Наитяжелейшим политическим кризисом, через который прошел Цицерон после великих битв своего консульства, был, безусловно, тот, что завершился падением Римской республики при Фарсале. Мы знаем, что он не по своей воле ввязался в этот страшный конфликт, исход которого предвидел, и что он колебался почти год, прежде чем решиться на какой-то шаг. Не удивительно, что он колеблся так долго. Он был уже не молод и не безвестен, как тогда, когда защищал Росца. Он обладал высоким положением и славным именем, которые не желал компрометировать, и человеку позволено поразмыслить, прежде чем рисковать состоянием, славой и, быть может, жизнью на одну карту. К тому же вопрос был не столь прост и правота не столь ясна, как кажется на первый взгляд. Лукан, чьи симпатии несомненны, все же говорил, что невозможно узнать, на чьей стороне лежала справедливость, и эта неясность, похоже, не развеялась до конца, коль скоро спустя восемь веков обсуждений потомство так и не преуспело в достижении согласия. Любопытно, что у нас, в XVII столетии, в разгар монархического правления, ученые мужи без колебаний высказались против Цезаря. Магистраты высших судов, люди осмотрительные и умеренные по своим должностям и характеру, приближенные к королю и не скупившиеся на лесть, брали на себя смелость быть помпеянцами и даже яростными помпеянцами в частной жизни. «Первый президент, — говорит Ги-Патен, — до такой степени на стороне Помпея, что однажды выразил радость оттого, что и я разделяю это мнение, после того как я сказал ему в его прекрасном саду в Бавиле, что если бы я заседал в сенате, когда Юлий Цезарь был убит, я нанес бы ему двадцать четвертый удар». Напротив, именно в наши дни, в демократическую эпоху, после Французской революции и во имя революции и демократии, сторона Цезаря отстаивалась с наибольшим успехом, а польза, извлеченная человечеством из его победы, была представлена в самом ясном свете.

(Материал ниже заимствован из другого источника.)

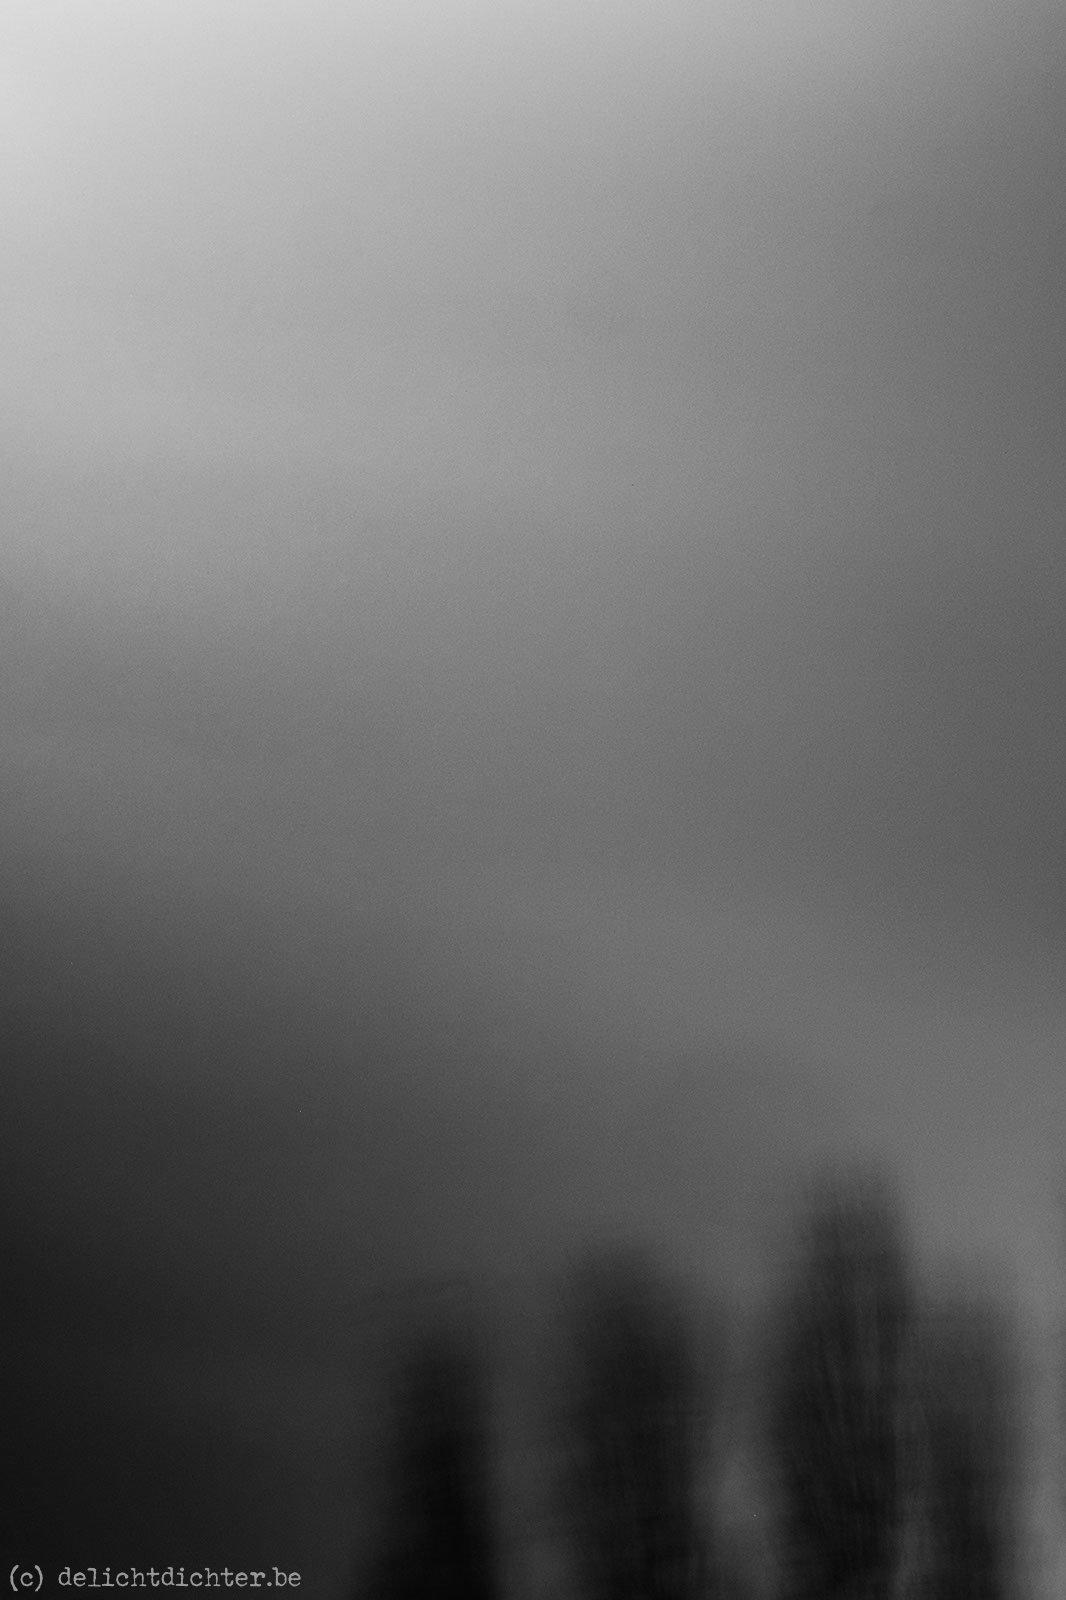 2012_11_storm_20121125_100204_dxo_v8_2

У меня нет намерения вновь открывать этот спор, он слишком плодороден на бурные дискуссии. Я хочу здесь коснуться лишь той его части, которая необходима для объяснения политической жизни Цицерона. Полагаю, существуют два весьма отличных друг от друга взгляда на этот вопрос: первый — наш собственный, то есть людей, не участвовавших в распрях прошлых веков, которые подходят к ним как историки или философы, после того как время остудило их страсти, судят о них меньше по их причинам, нежели по результатам, и задают себе вопрос прежде всего о том, какое добро или зло они принесли миру; второй — взгляд современников, которые судят о них со своими страстями и предрассудками, в соответствии с идеями своего времени, в их отношении к самим себе и без понимания их отдаленных последствий. Я намерен исходить исключительно из последней точки зрения, хотя первая представляется мне более величественной и плодотворной; но поскольку моя единственная цель — потребовать от Цицерона объяснения его политических поступков, а от него нельзя разумно требовать предвидения будущего, я ограничусь тем, что покажу, как ставился этот вопрос в его время, какие доводы приводились с обеих сторон и каким образом мудрому человеку, любившему свою страну, было естественно эти доводы оценивать. Забудем же те восемь веков, что отделяют нас от этих событий, представим себя в Формиях или Тускуле в те долгие дни тревоги и неизвестности, которые Цицерон провел там, и послушаем, как он обсуждает с Аттиком или Курио те аргументы, к которым обе партии призывали его присоединиться.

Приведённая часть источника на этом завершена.